I agree with paulfox1
Barry, spit it out !!!!

#2014-06-12 20:46:06 by Barry1 @Barry1


Thanks so much for this great advice, Brian. You sound like a really decent bloke.

I'm going to take you up on it, In think. I'll wait for just the right moment.

I really appreciate you spending the time to tell me your story.

Hopefully you'll read in one of my upcominng articles how everything pans out.

Bye mate (y)

#2014-06-12 20:48:14 by Barry1 @Barry1


Paul, things are not going here as routinely and as smoothly as one would hope.

I'm taking nothing for granted. This relationship is certainly not a "done deal" at this moment.

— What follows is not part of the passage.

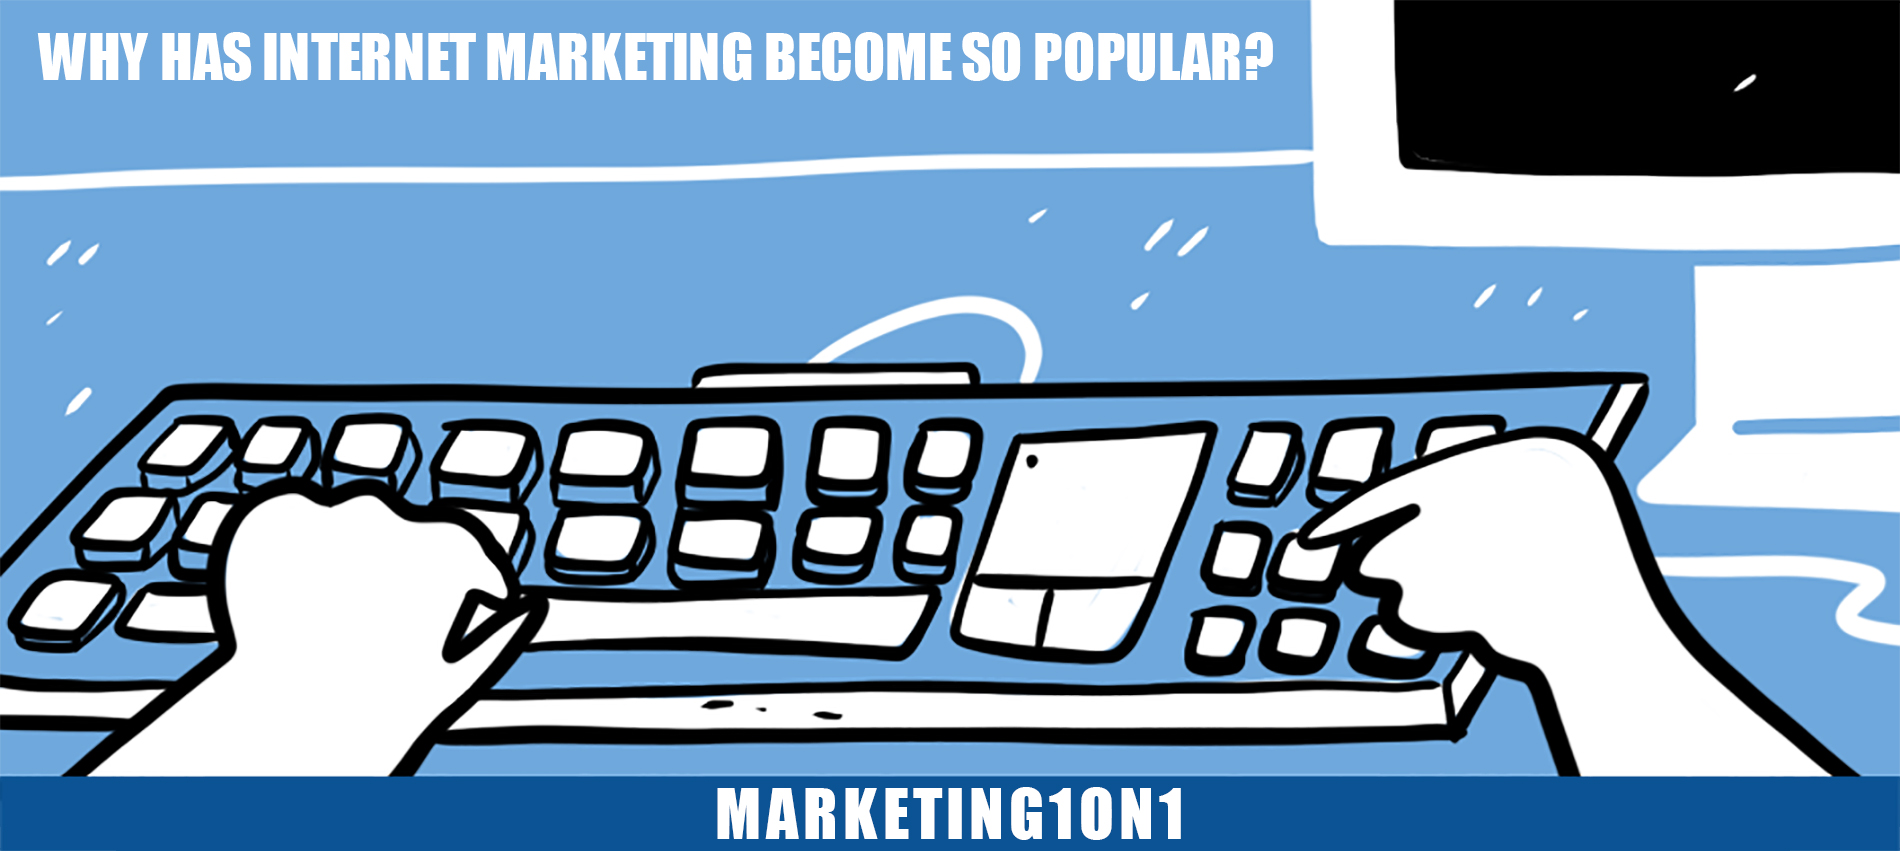 Why has internet marketing become so popular?

Let's see how things pan out, I guess.

Cheers Paul. (y)

#2014-06-12 20:59:35 by Barry1 @Barry1


Another very interesting and heartfelt posting, YinTingYu. Thank you so much.

I'm sorry I don't have more time to respond to you but time's tight over here. I barely have time to write the blog articles these days, let alone respond to good hearted people such as you who comment on them.

Yes, something's afoot over here. But I'll describe more of this in my upcoming articles.

Once again, I appreciate everything you've said to me, YingTingYu. Your words won't go unheeded as they are so interesting to me.

Bye for now.

Best wishes

#2014-06-12 21:14:06 by Barry1 @Barry1


Thanks for your comments, Anon10367.

Yes, it wouldn't surprise me if all the veggies are slightly contaminated here. It's a real shame, as Shawan is a nice rural little town yet's surrounded by belching heavy industries.

So many of my male friends are now considering online Asian or Chinese dating. A lot of Western ladies are simply too arrogant, is the general consensus., so I guess they have no one but themselves to blame.